A New Theory of Generic Collaborative Strategy: Adding Value to Porter’s Generic Competitive Strategies

Michael Porter has been the Darwinian advocate of strategy. He proposed in the 1980s with great insight, and to considerable success, that companies (much like human beings) compete to succeed and in the big aggressive world of business competition it is the game of the survival of the fittest. As a strategy guru, he prescribed three competitive strategies of cost leadership, differentiation and niche for companies to compete and derive competitive advantage in an industry. While Porter’s rather easy-to-follow strategic prescription is universally available, companies are not universally successful even if they follow Porter’s competitive strategies. Execution is often cited as the reason for this; two firms following the same broad generic strategy could have vastly different execution profiles.

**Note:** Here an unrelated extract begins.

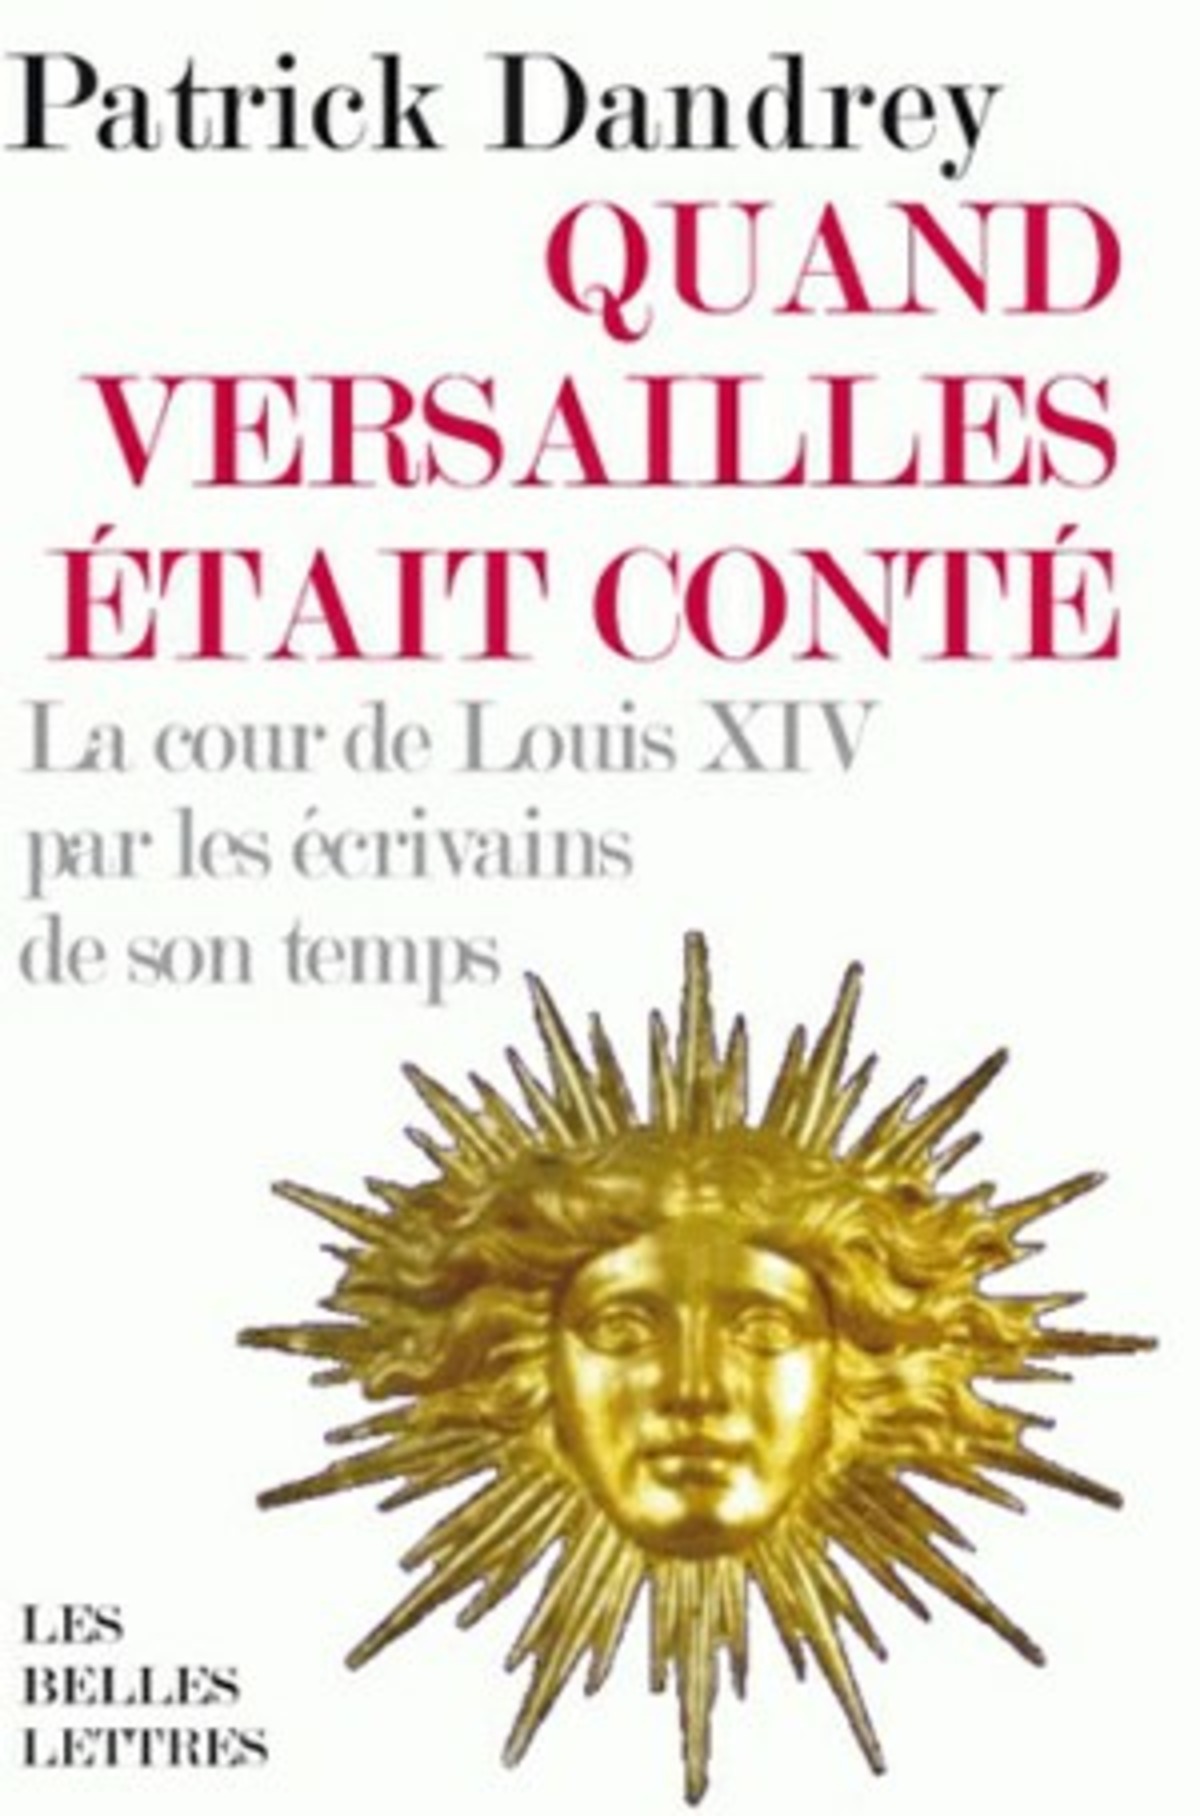 Quand Versailles était conté... La cour de Louis XIV par les écrivains de son temps

This blog post hypothesizes that the relative performance success or superior competitive advantage is not merely related to execution but is even more importantly to collaboration. If generic competitive strategy drives cost or differentiation advantage or a mix thereof, generic collaborative strategy drives value up for firms, and even the industry as a whole. Generic competitive strategy is an extremely firm-centric approach which exhorts a firm to maximize its performance by maximizing its competitive power vis-à-vis all the power of its industry stakeholders (suppliers, customers, new entrants, substitute products and industry players). Generic collaborative strategy, on the other hand, is a refreshingly industry-oriented approach which advises a firm to maximize its performance by optimizing its collaborative network not only within its industry but also across a broad range of industries. While the need for a firm to be competitive will never go away, the need to be competitive by optimizing its network is now greater than ever before. 

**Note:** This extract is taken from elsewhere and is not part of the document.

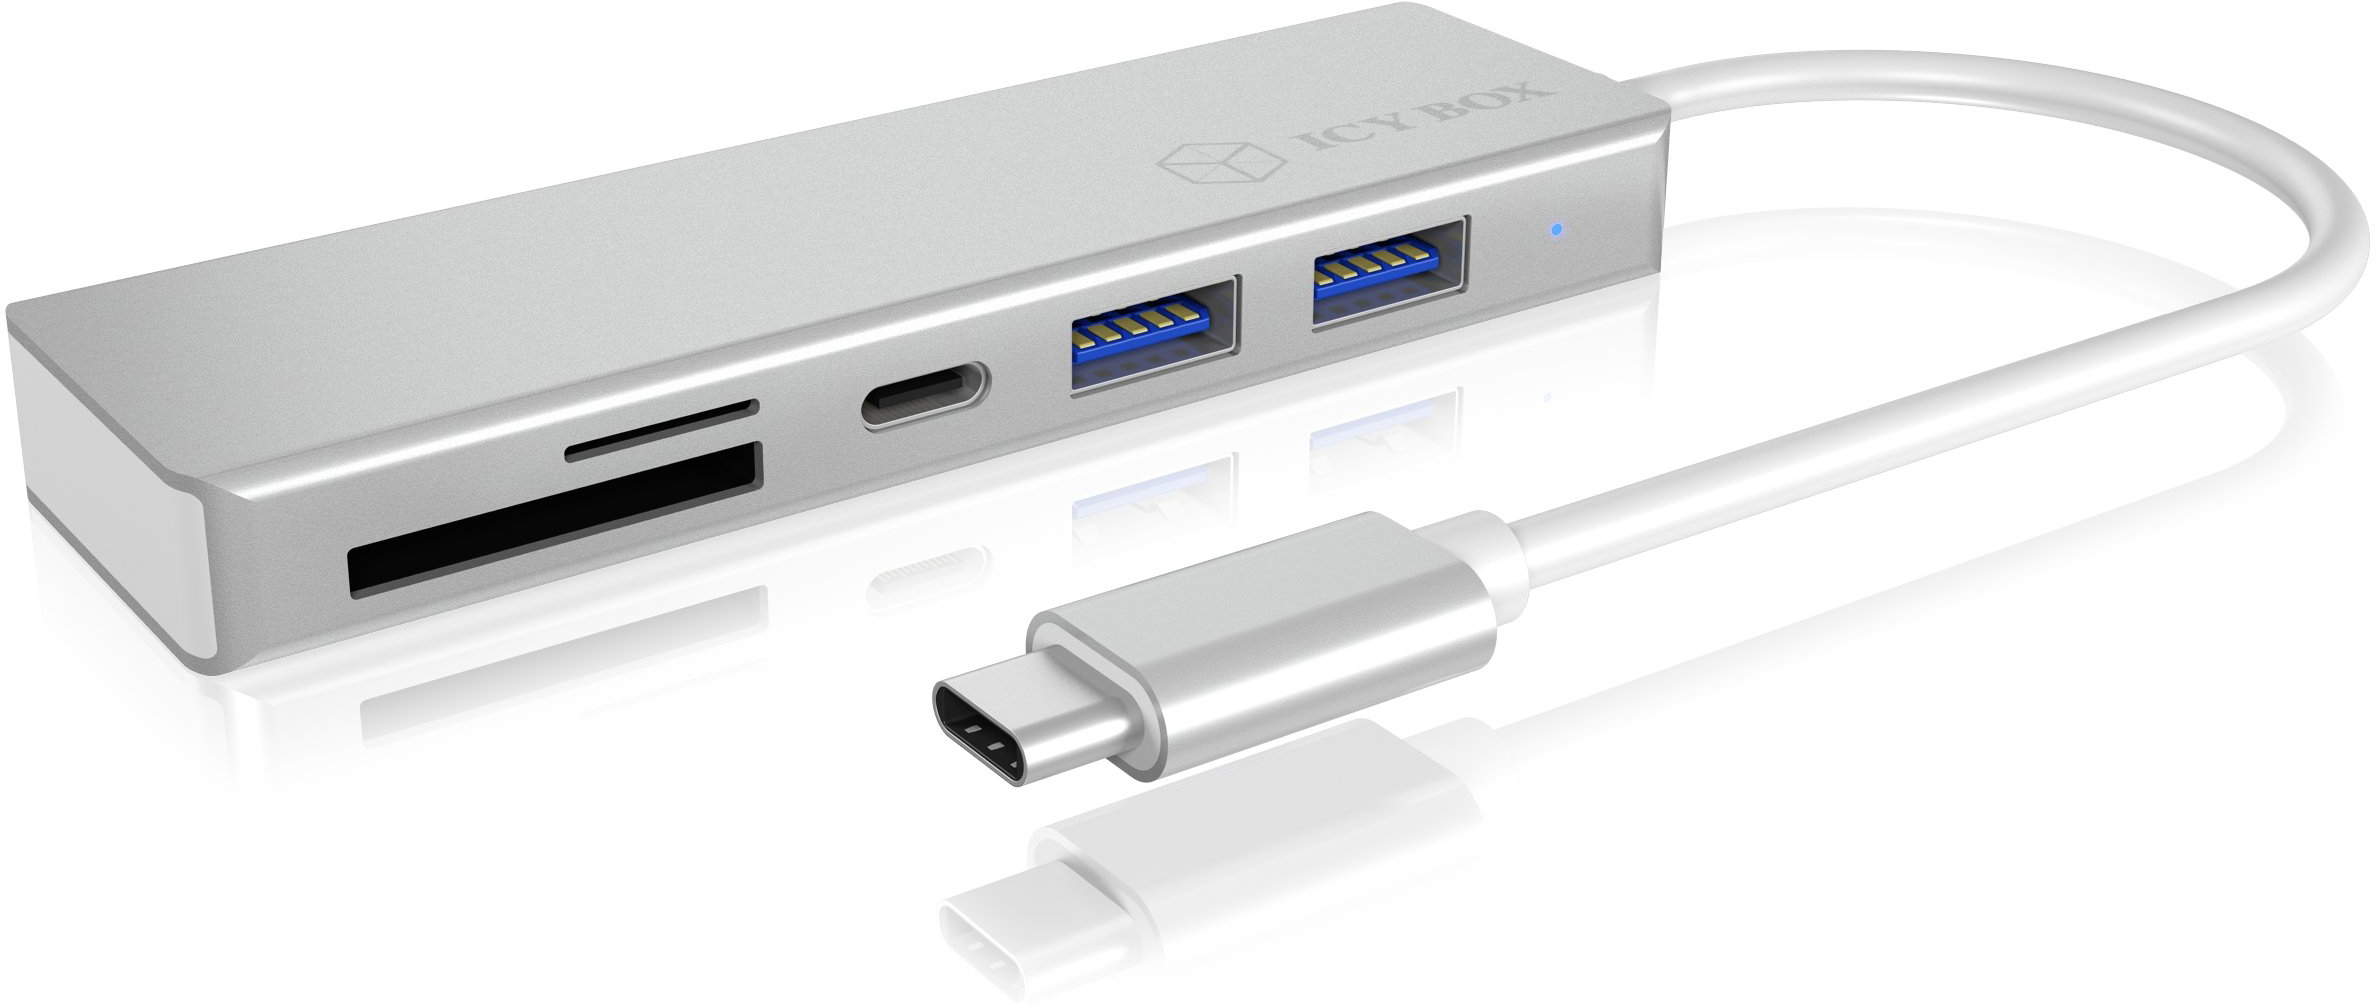 ICY BOX USB 3.0 Type-C Hub IB-HUB1413-C 3USB ports & multi-cardreader

Lifecycle drives collaboration
The generic competitive strategy was set in an industry environment of three decades ago which had three theoretical premises, which are by now outdated. Firstly, it encouraged monopoly power and scale economics as the drivers of competitive efficiency. This is the reason for the competitive strategy theory viewing the original equipment manufacturer (OEM) and vendor relations in terms of conflicting power play rather than one of mutual dependence. Secondly, it considered new product and new entrants as being industry antagonist, rather than as consumer protagonist. This is the reason for Porter’s competitive strategy viewing substitute products and new entrants as threats to industrial stability rather than as enablers for market expansion. Thirdly, it considers industry evolution from monopoly state to fragmented state as a phenomenon to be controlled by powerful incumbent firms rather than as one of new firms adding to consumer choice as much as to industry competition. In sum, Porter’s generic competitive strategy tends to defend status quo.
The generic collaborative strategy derives its relevance in a contemporary industry environment that has three theoretical premises, which are positively futuristic. Firstly, it recognizes that monopolies are a thing of the past even though scale continues to offer economies. This is the reason for the collaborative strategy theory viewing the OEM and vendor relations in terms of mutual dependence rather than one of conflicting power play. Secondly, it considers new products and new entrants as market expansive for the industry, even if share erosive for firms. This is the reason for the collaborative strategy theory accepting timed and coordinated launch of new products as a structural reality of market expansion rather than as an industry destabilizing factor. Thirdly, the generic collaborative strategy views technology as a more widely available input leading to early formation of oligopoly. This is the reason for the collaborative strategy theory to continuously seek re-segmentation and re-structuring of industry to counter fragmentation.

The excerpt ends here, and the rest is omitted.